Hadoop provides you with the
Writable
interface if you want to write your object to a SequenceFile
. It's up to you to implement the write()
and readFields()
methods for your object. It's easy if your object is simple: just write each of your instance variables to a DataOutput
and read them back in the same order from a DataInput
.Don't Write Your Object As A Serialized Byte Array
I got lazy when I was implementing the Writable interface with one of our classes because it had a ton of instance variables. I figured I'd just serialize it to a byte array, then write the array length and the whole array to the DataOutput. And on the read, well, just unserialize the object from the byte array. This was my
write()
:
@Override
public void write(DataOutput out) throws IOException {
ByteArrayOutputStream byteOutStream = new ByteArrayOutputStream();
ObjectOutputStream objectOut = new ObjectOutputStream(byteOutStream);
objectOut.writeObject(getContainedObject());
objectOut.close();
byte[] serializedObject= byteOutStream.toByteArray();
out.writeInt(serializedObject.length);
out.write(serializedModel);
}
Naw, dude. Bad idea.I knew that I'd be paying some overhead in both space and time for this little scheme, but I didn't know how much. It was just a little bit per object, but when we started seeing MapReductions take way too much time in I/O, it was time to revisit this.

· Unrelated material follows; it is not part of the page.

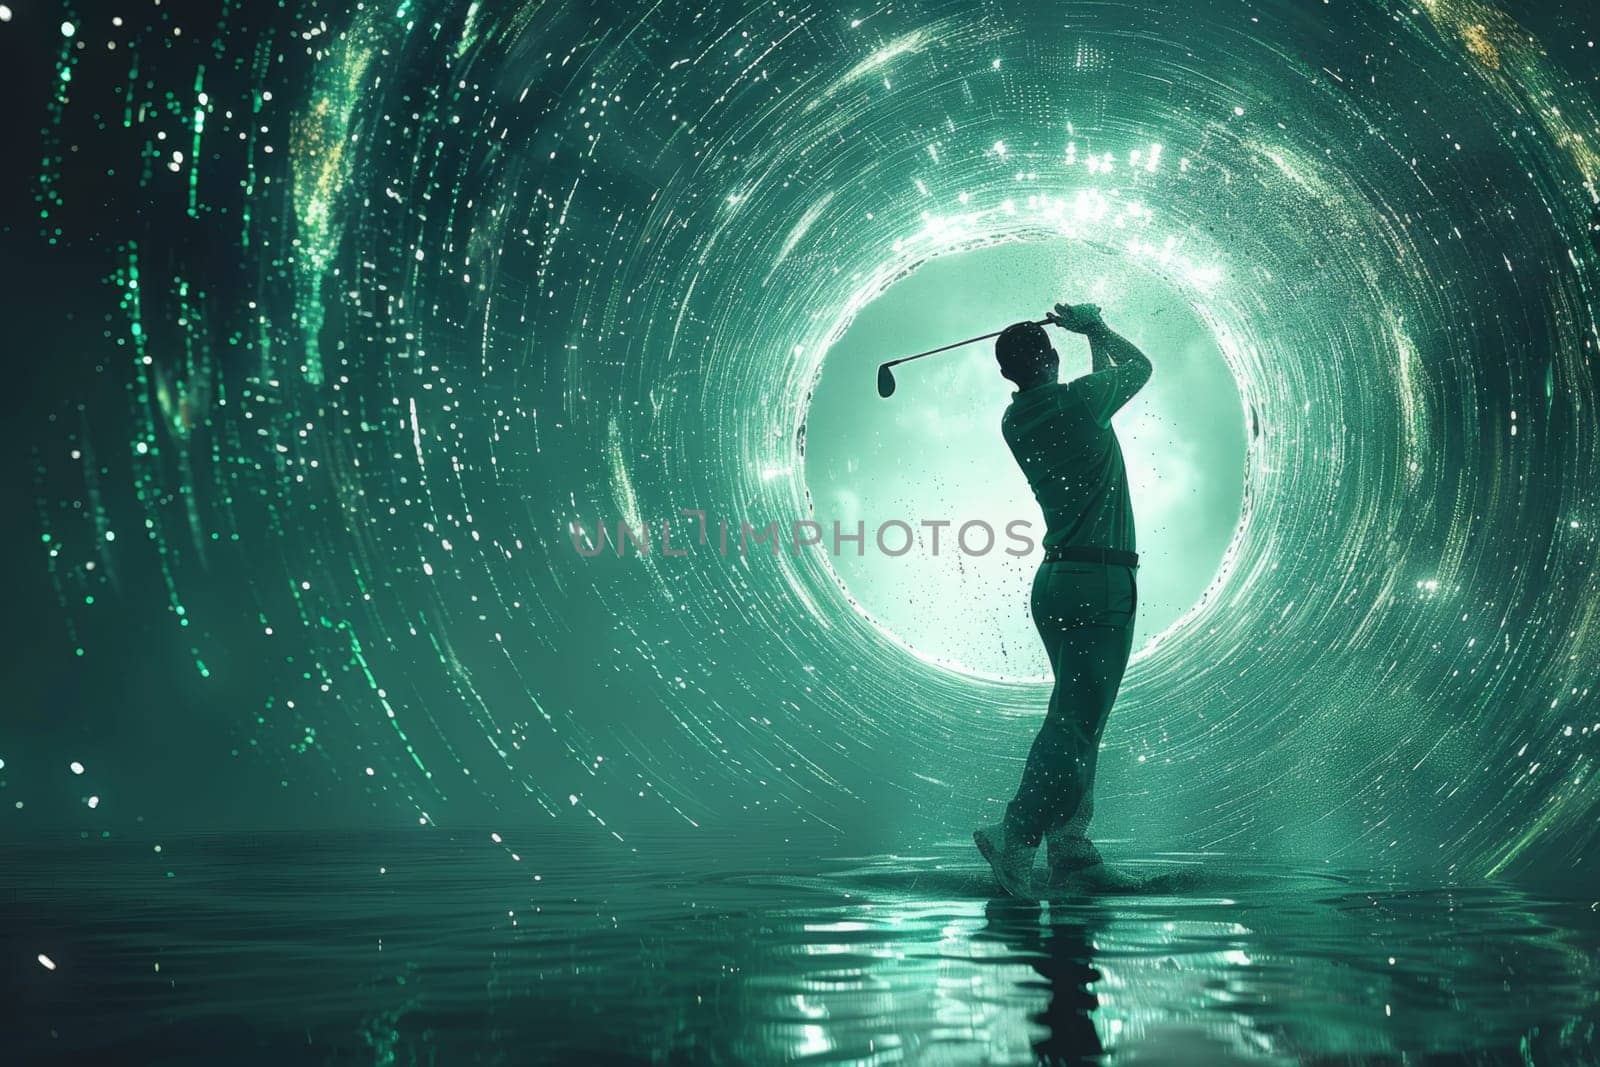 A golfer hits a ball on an abstract background. the concept of a healthy sports lifestyle on vacation.

What This Cost In Space And Time
First, the Java serialization space overhead. On a toy example of this object, serialization to a byte array used 953 bytes. Properly writing out the instance variables consumed 296 bytes. In production, doing it the right way shrunk a 1,600-record
SequenceFile
from 1.4GB to 825MB.Time savings were great, too. In the same toy example, it took my JVM 7.2 milliseconds to serialize the object and 1.7 milliseconds to unserialize. Doing with with stream I/O only took 76,000 nanoseconds to serialize, 58,000 nanoseconds to unserialize.
I love order-of-magnitude improvements.
Lesson learned: get off your lazy ass and do it right.